My second-best secondhand buy is probably Enemies and Allies which came out before 3ed edition became 3.5. I’m not normally a fan of “statblock” books because statblocks are the easy part to me, ideas are what I’m after because those are hard, but it had a good balance of NPC stats with a sprinkling of backstory enough to make me like it. It really doesn’t take much to make a character interesting and useless, just a couple of sentences really but most products don’t bother even with that.
Shadowrun deserves honorable mention because I’ve played it a fair deal and I don’t think I’ve ever bought a Shadowrun book that wasn’t secondhand. Which probably means that I’m the worst monster possible because I’ve played a game a lot and the people that made that game got zero money from me. Sorry Catalyst Games. Or whoever owns SR now.
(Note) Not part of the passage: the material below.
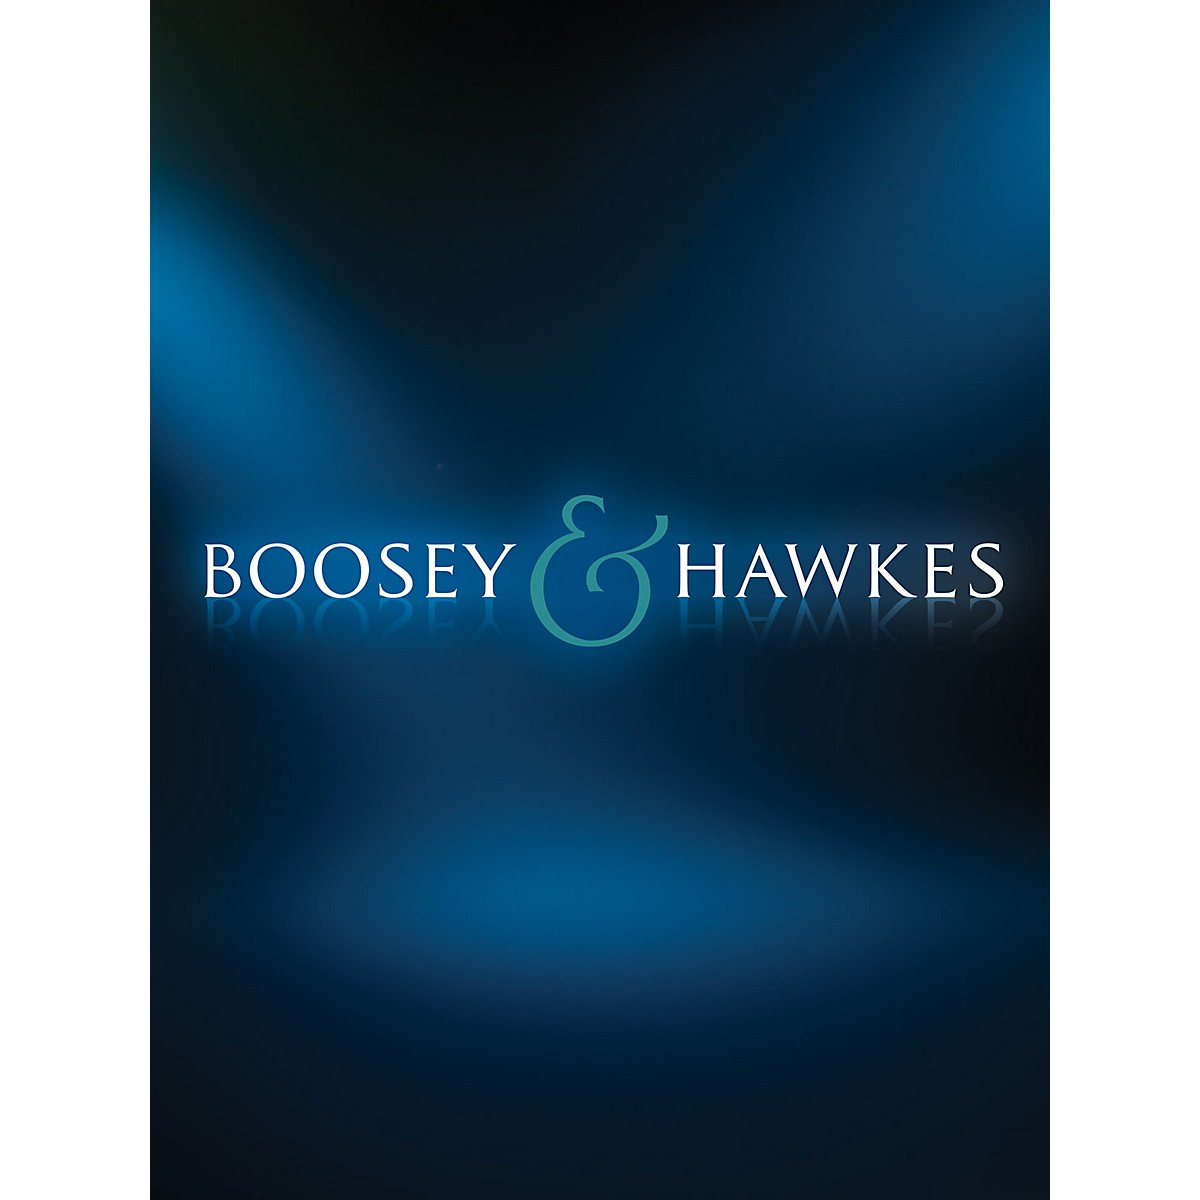 Boosey and Hawkes O Lux Trinitas (SATB divisi with Organ) SATB Divisi Composed by Randall Davidson

Special dishonorable mention goes to Shadowrun Rigger 5.0. The copy of that book I bought was one where the previous owner had gone through the trouble and expense to put a new cover on it, namely a cover of an anime girl in her anime underwear, which I had to rip off because (anime hate rant deleted). So my physical copy of Rigger 5.0 is a little battered because it has no cover. Even though I TAKE GREAT CARE OF MY BOOKS.
I assumed this new cover action was undertaken because said previous owner was a big anime fan but someone I don’t really believe told me that putting a new cover on a book is part of some theft and reselling scam. I know that in the olden days a lot of books used to say that if the original cover was gone it was stolen and don’t buy it! So maybe it’s true. But I doubt it.
Special different honorable mention goes to Firefly as the game I have all the books for and bought none of them second hand. Actually that’s a lie, I bought a copy of the main book second hand because I wanted extras, but the point is I paid MSP for every book in that lineup.
Which is saying something because I’m a cheap bastard. Sort of. I’m 88% a cheap bastard and 12% someone to makes an impulsive buy and immediately regrets it.
I’ve picked up a handful of the Iron Kingdoms setting books, mostly to use as ideas and cool names of places/people. The history is neat, but I can’t make any sense of the rule system.
The 3ED D&D GM book is a pretty good resource, the 5ED D&D DM Guide isn’t worth the paper and ink it’s printed on. If there was a ranking for the biggest regret/most worthless book you own, the 5ED DM guide would win for me, no contest. Also, F Tasha’s. That ends my D&D 5ED bashing….for today.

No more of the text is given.